■ WORK TO COMPLETE: Could you please transcribe the data exactly, without the pictures?

■ DATA:
++++++++++++++++++++
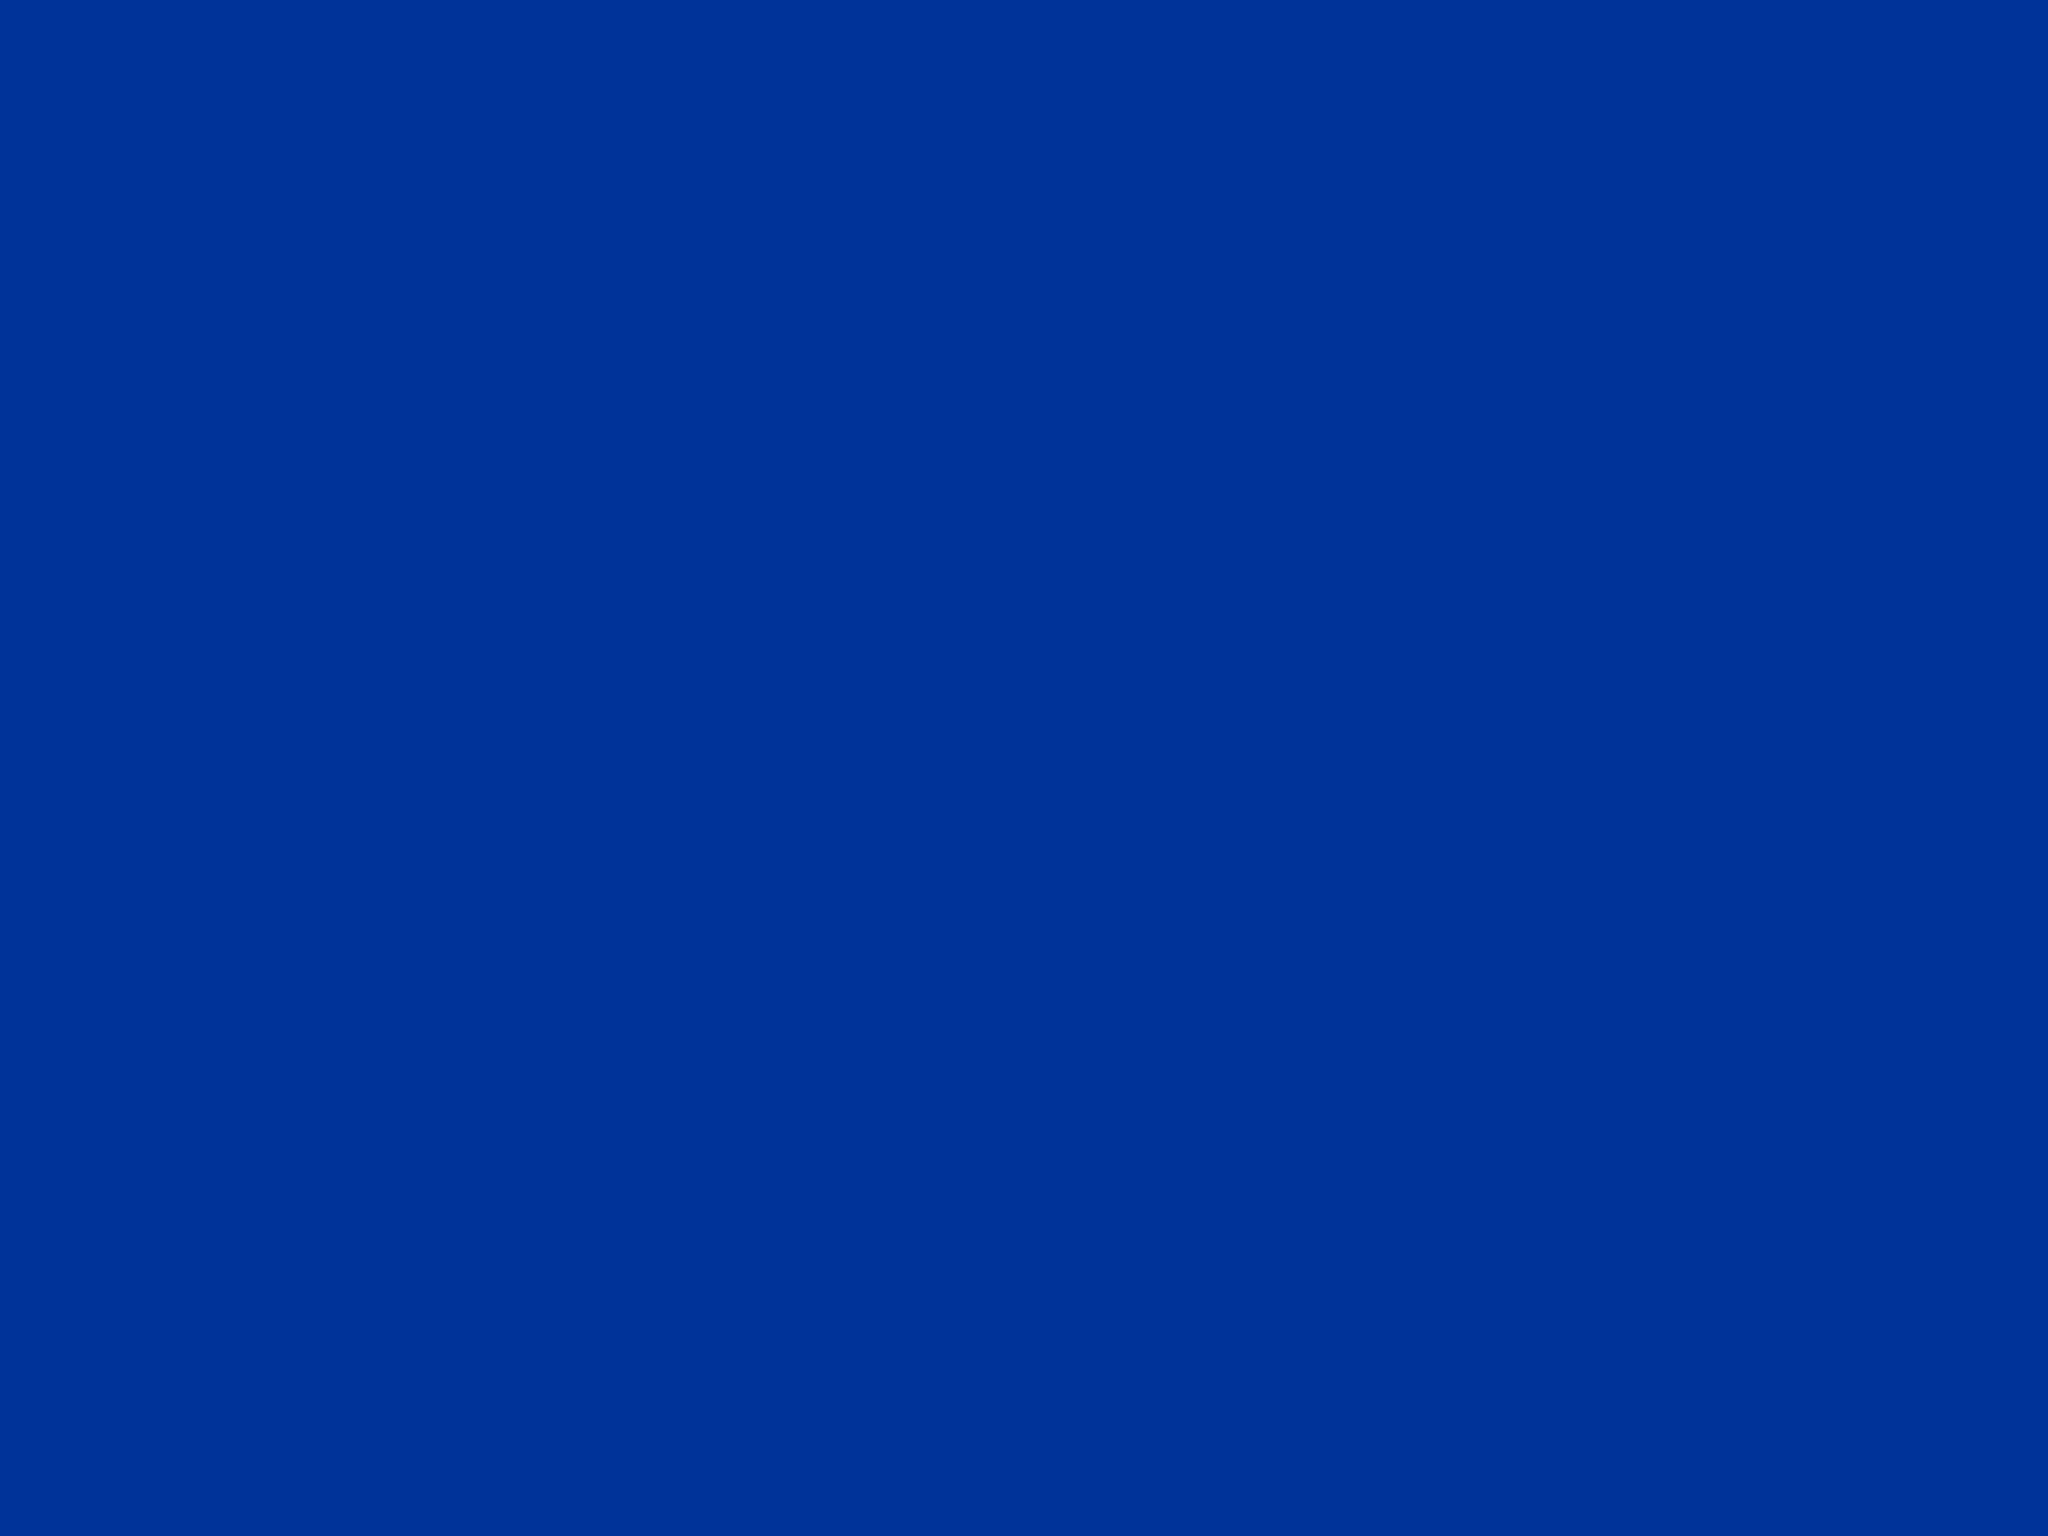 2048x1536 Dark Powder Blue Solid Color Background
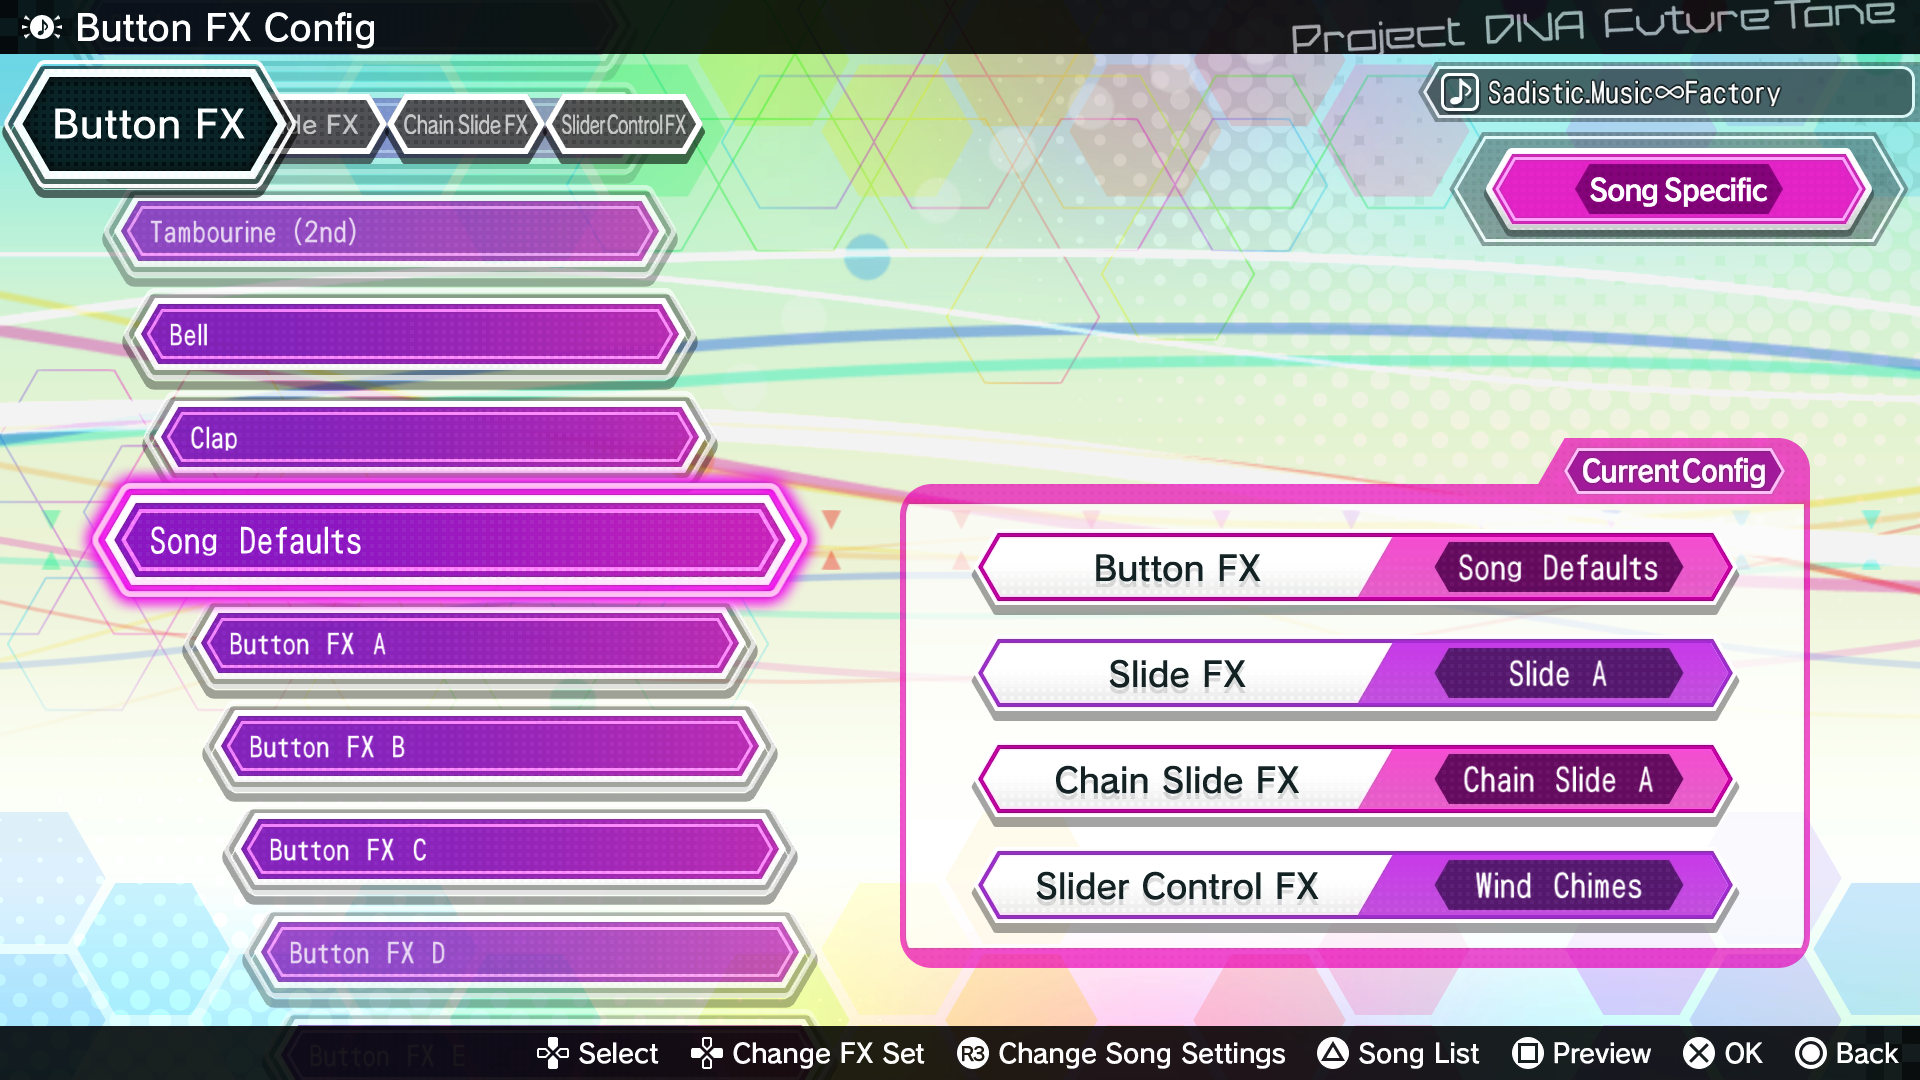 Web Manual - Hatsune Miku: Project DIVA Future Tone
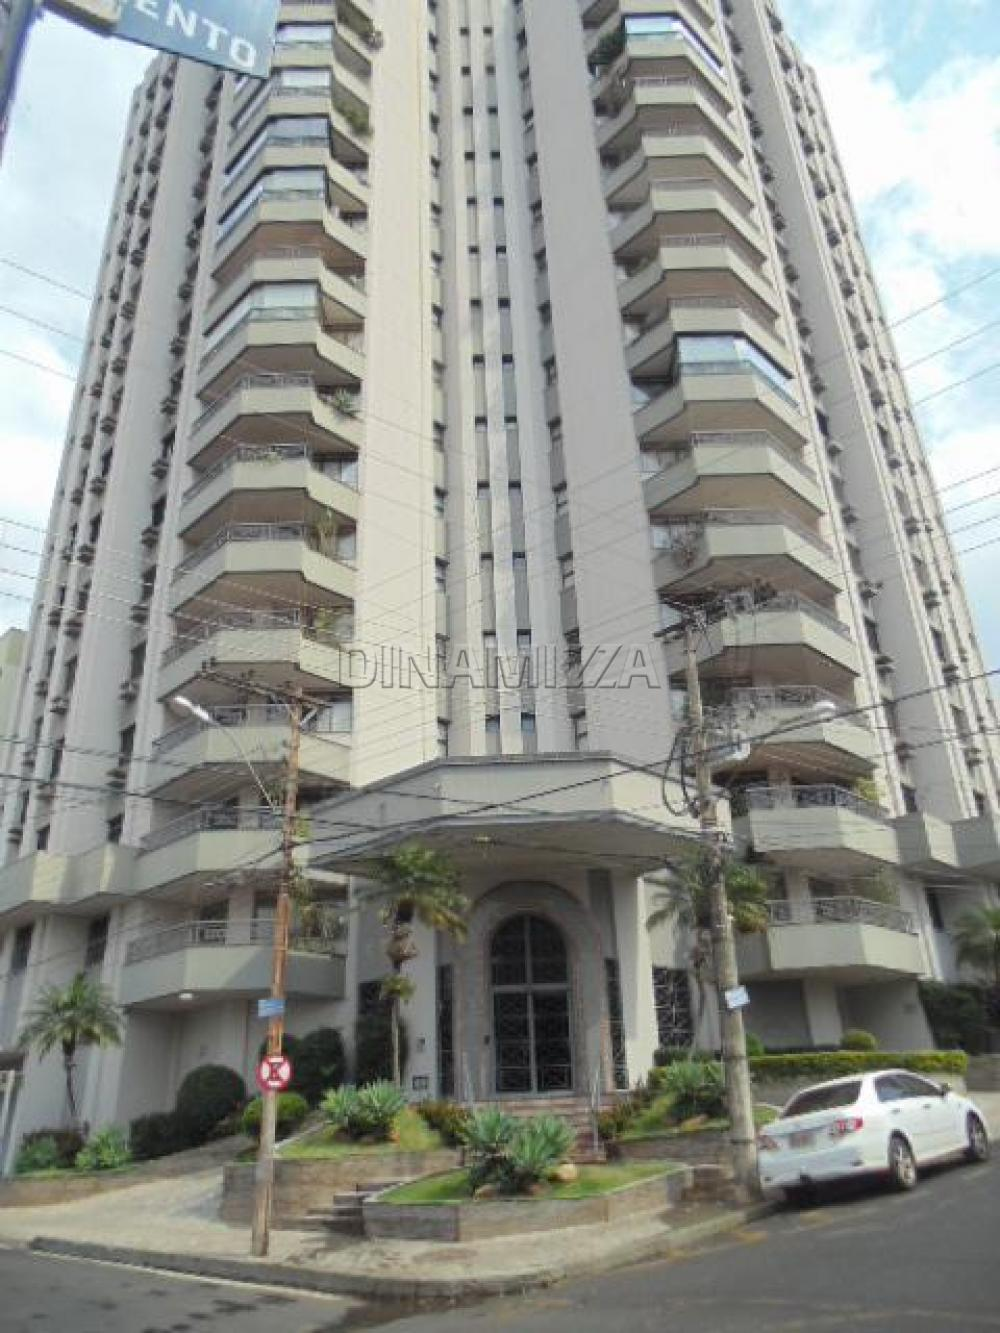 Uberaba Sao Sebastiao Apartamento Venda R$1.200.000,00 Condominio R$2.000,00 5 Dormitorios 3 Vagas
++++++++++++++++++++
■ RESPONSE:
 2048x1536 Dark Powder Blue Solid Color Background
 Web Manual - Hatsune Miku: Project DIVA Future Tone
 Uberaba Sao Sebastiao Apartamento Venda R$1.200.000,00 Condominio R$2.000,00 5 Dormitorios 3 Vagas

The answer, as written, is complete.